### WHAT THE EXERCISE ASKS
The reply needs the lines from the one containing "Port for cruise ships in Mazatlan, Mexico" through the end of the material, each repeated exactly, and no pictures.

### COLLECTED DATA
################
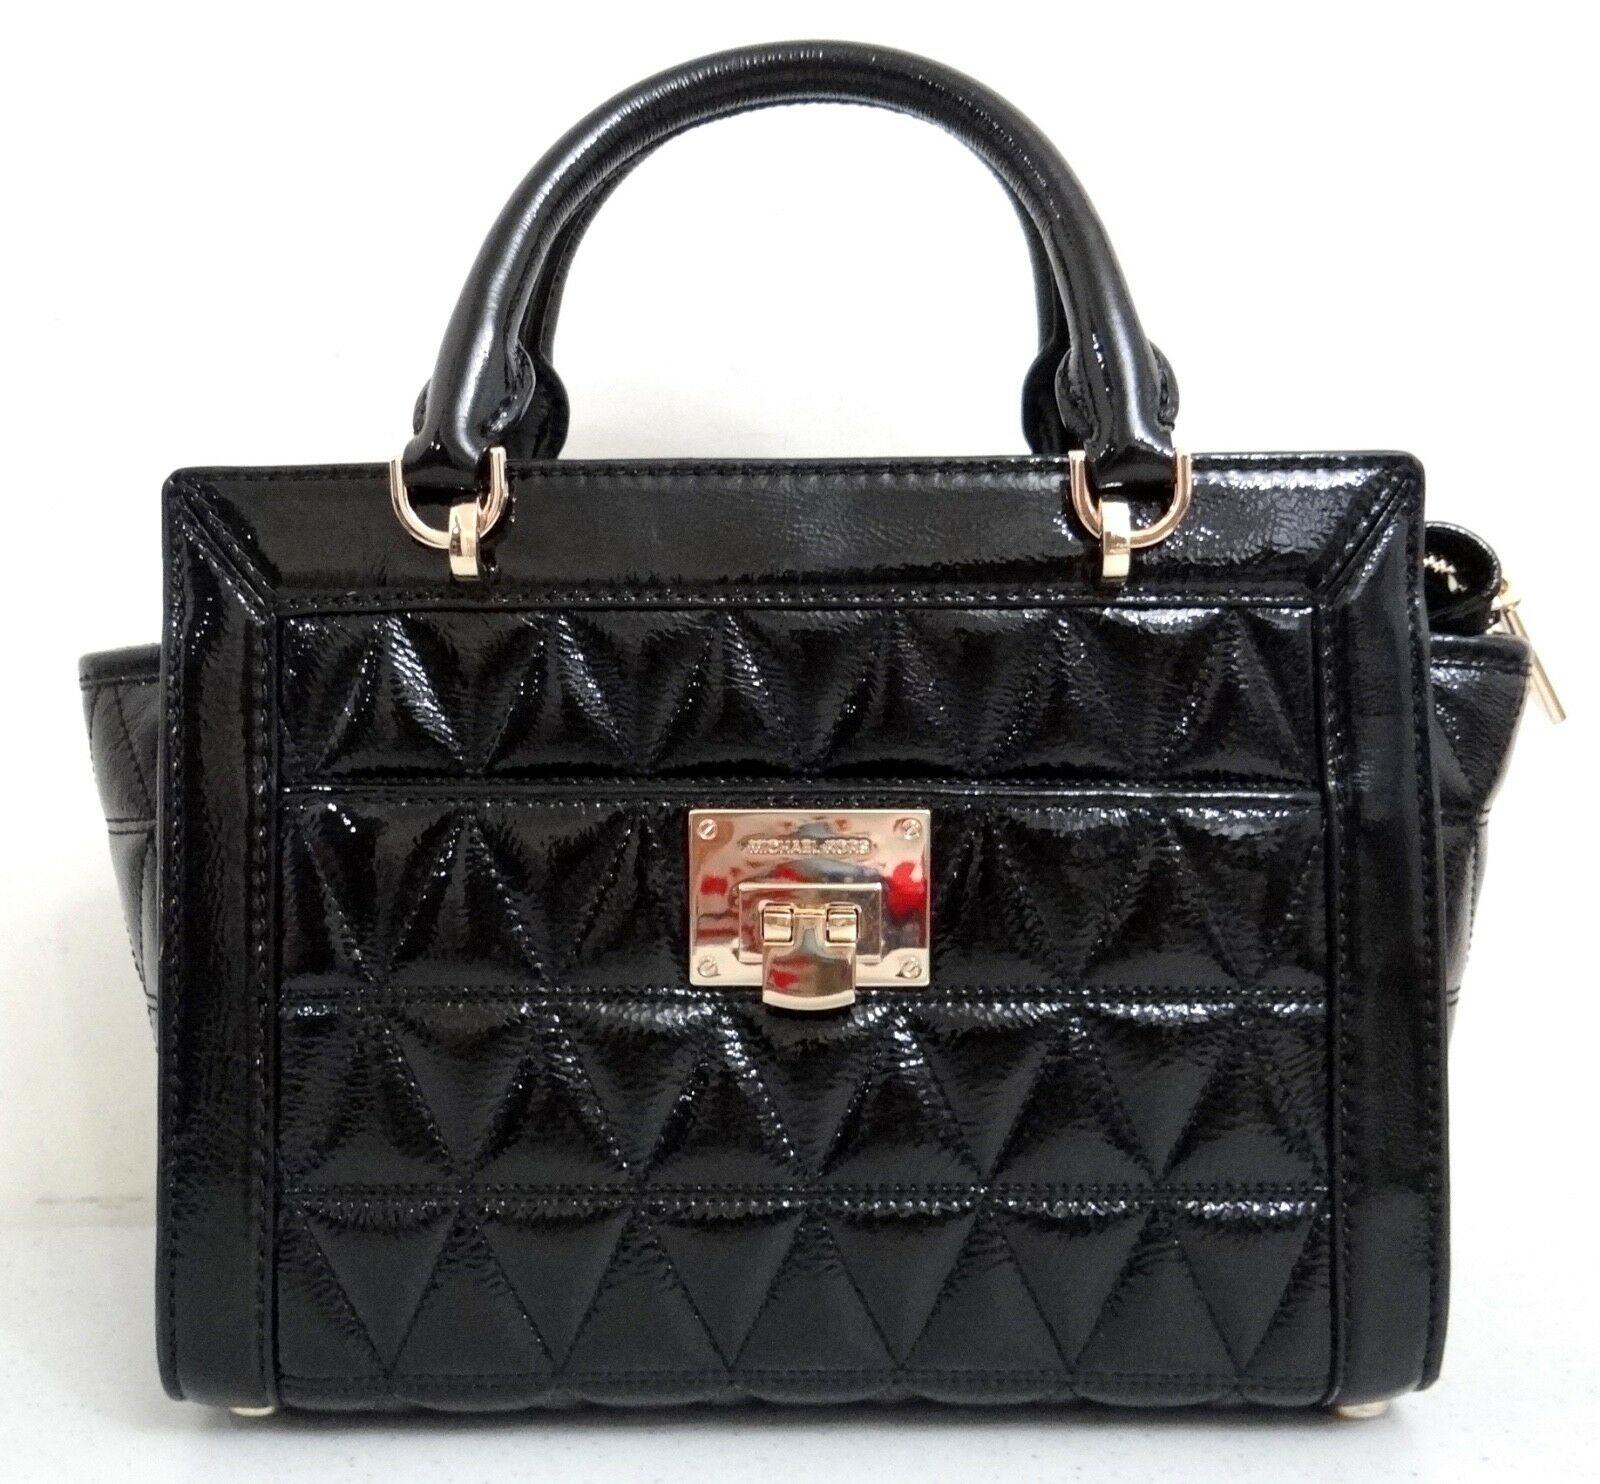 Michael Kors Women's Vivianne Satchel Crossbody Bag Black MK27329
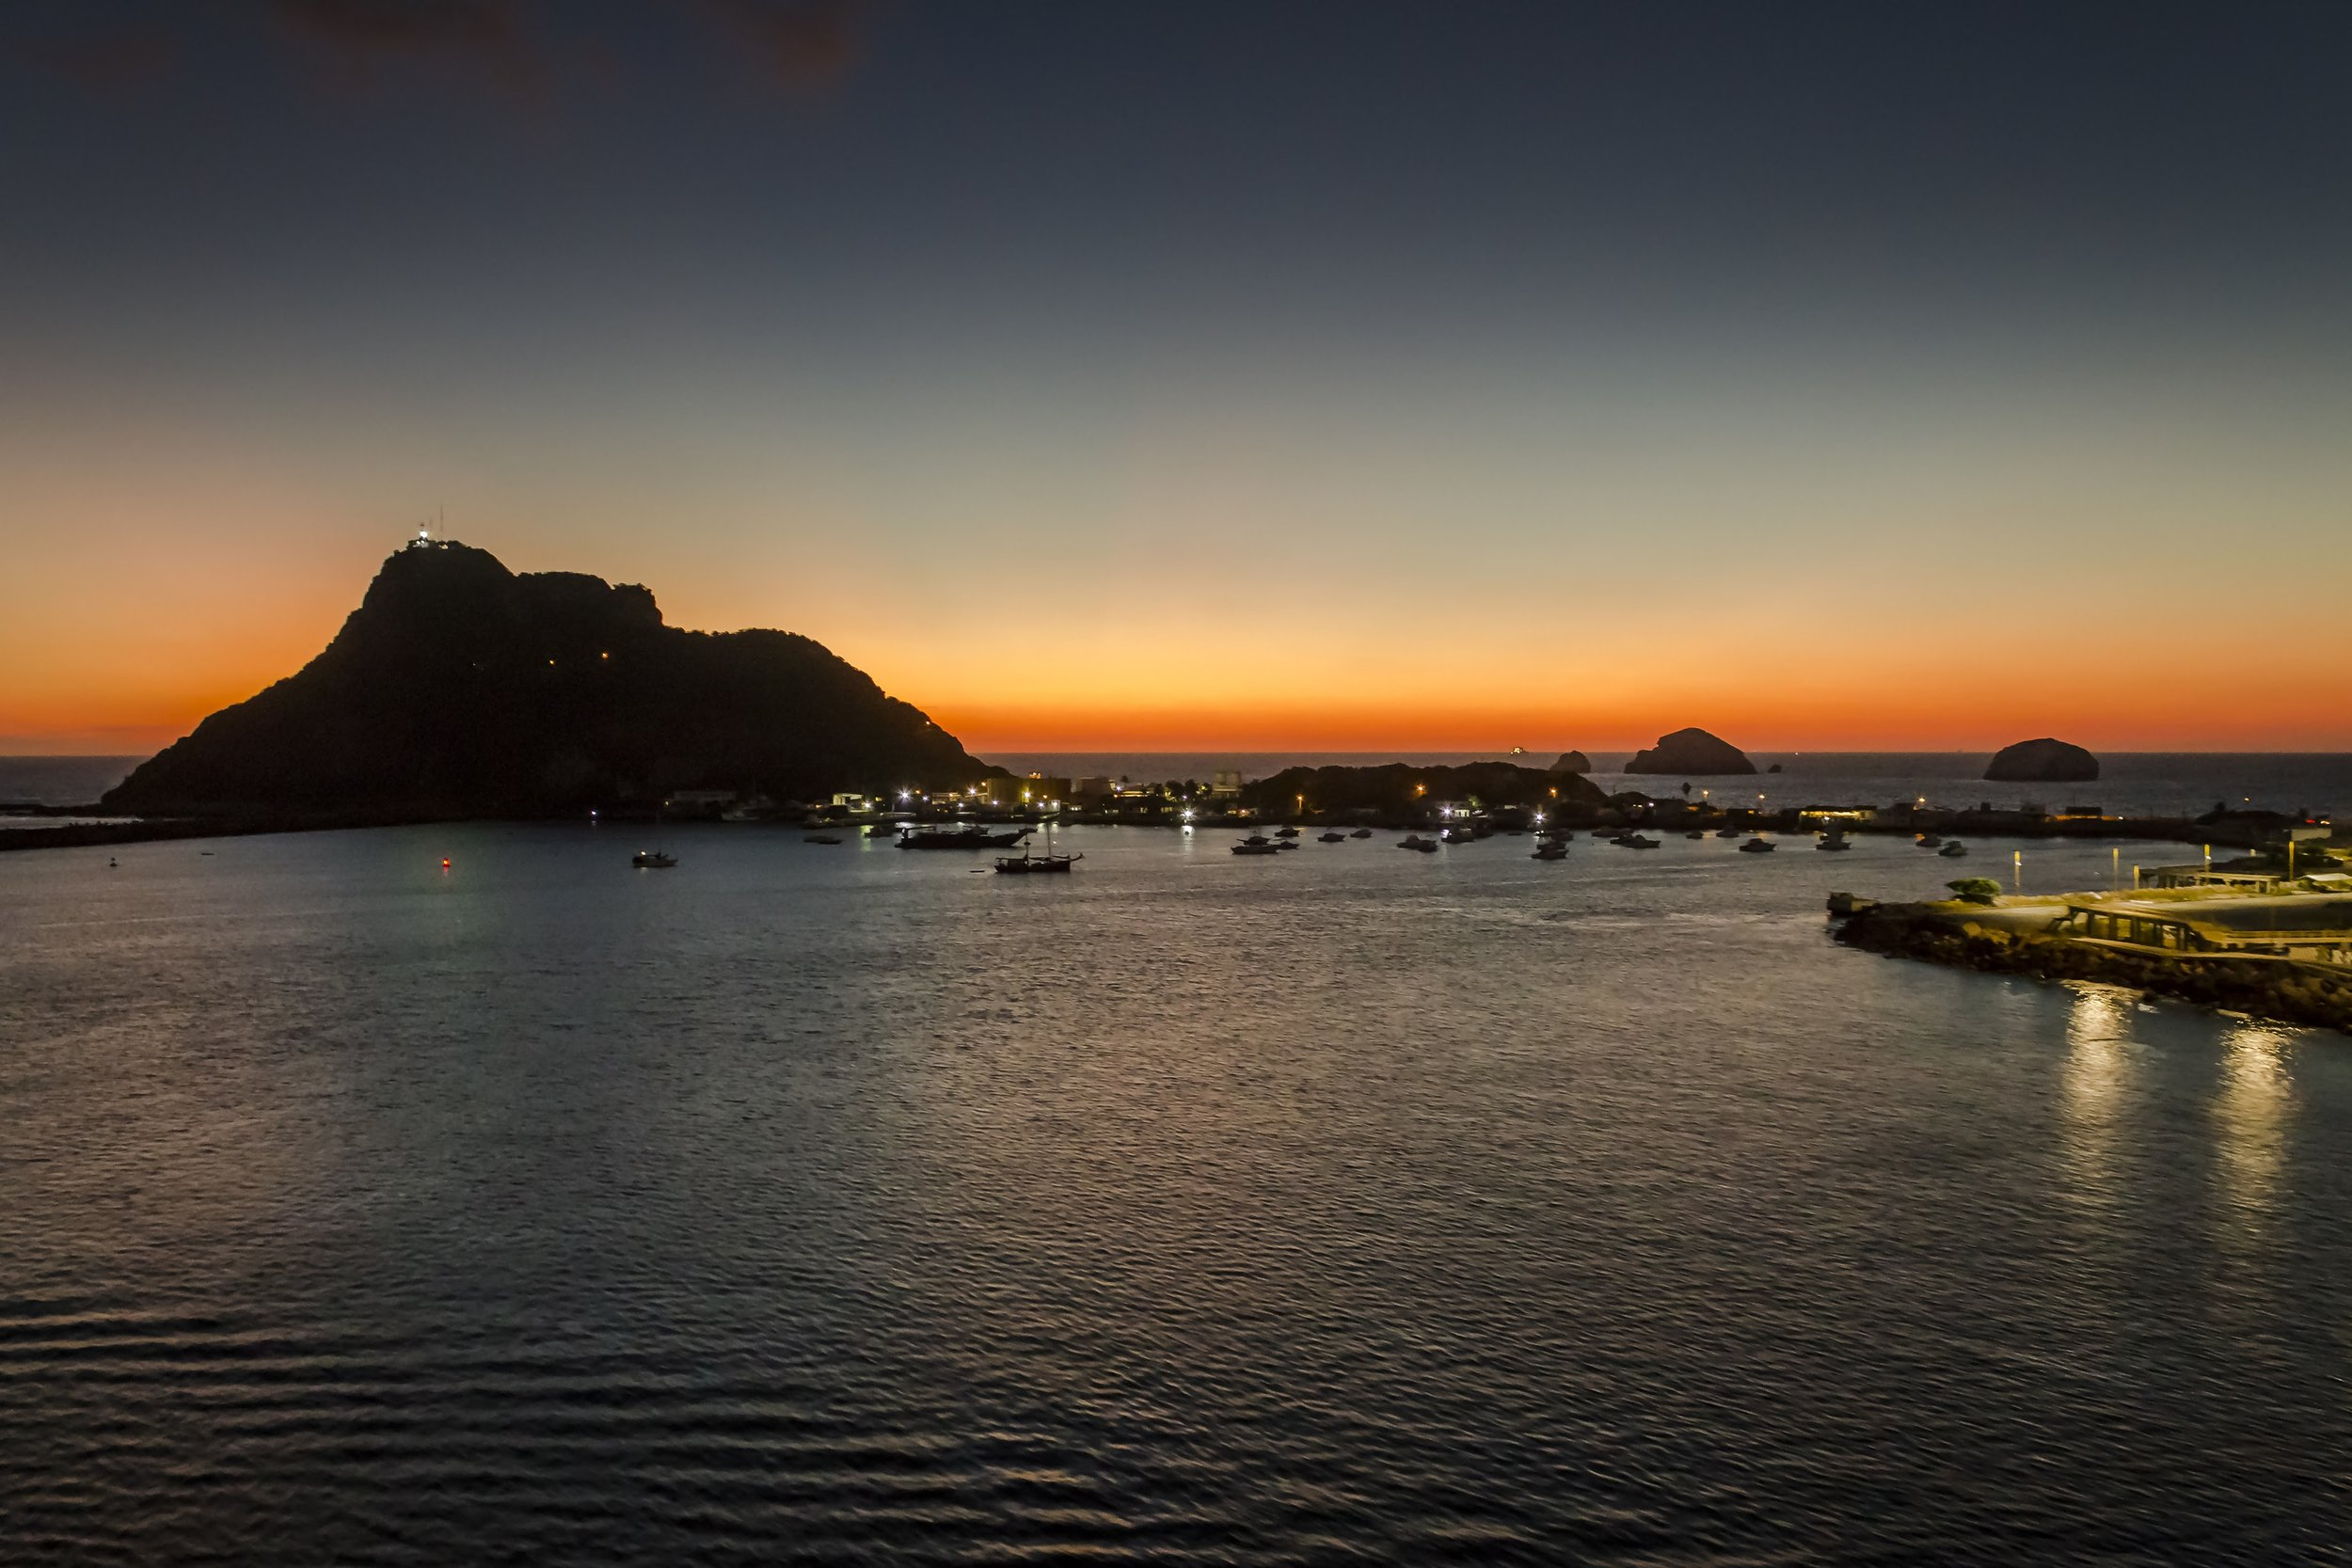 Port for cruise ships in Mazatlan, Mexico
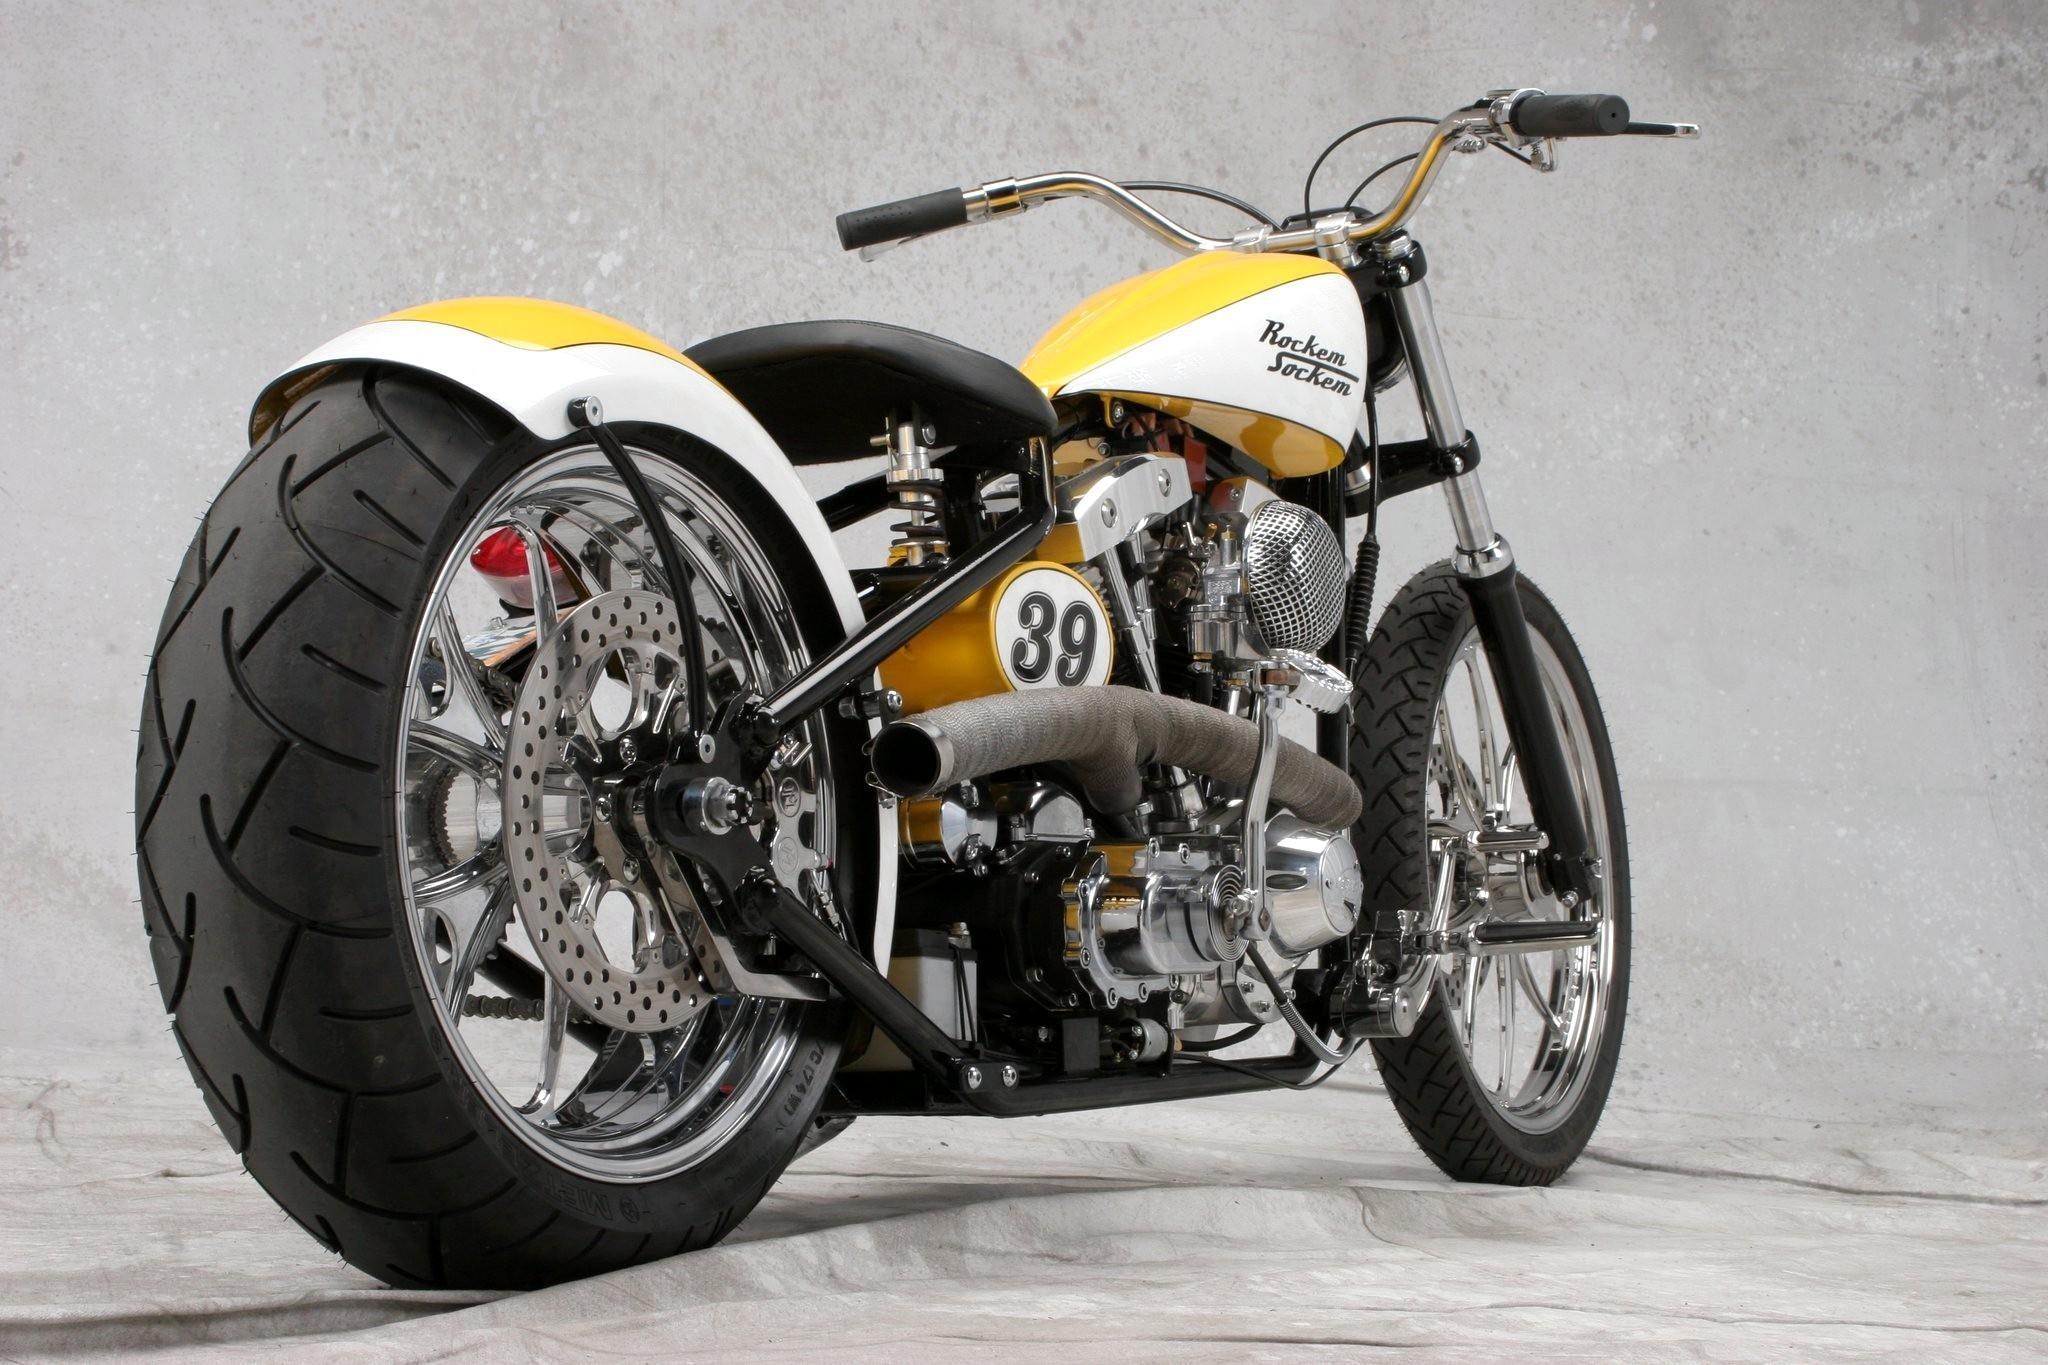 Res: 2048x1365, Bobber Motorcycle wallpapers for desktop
################
### SOLUTION TO THE PROBLEM
 Port for cruise ships in Mazatlan, Mexico
 Res: 2048x1365, Bobber Motorcycle wallpapers for desktop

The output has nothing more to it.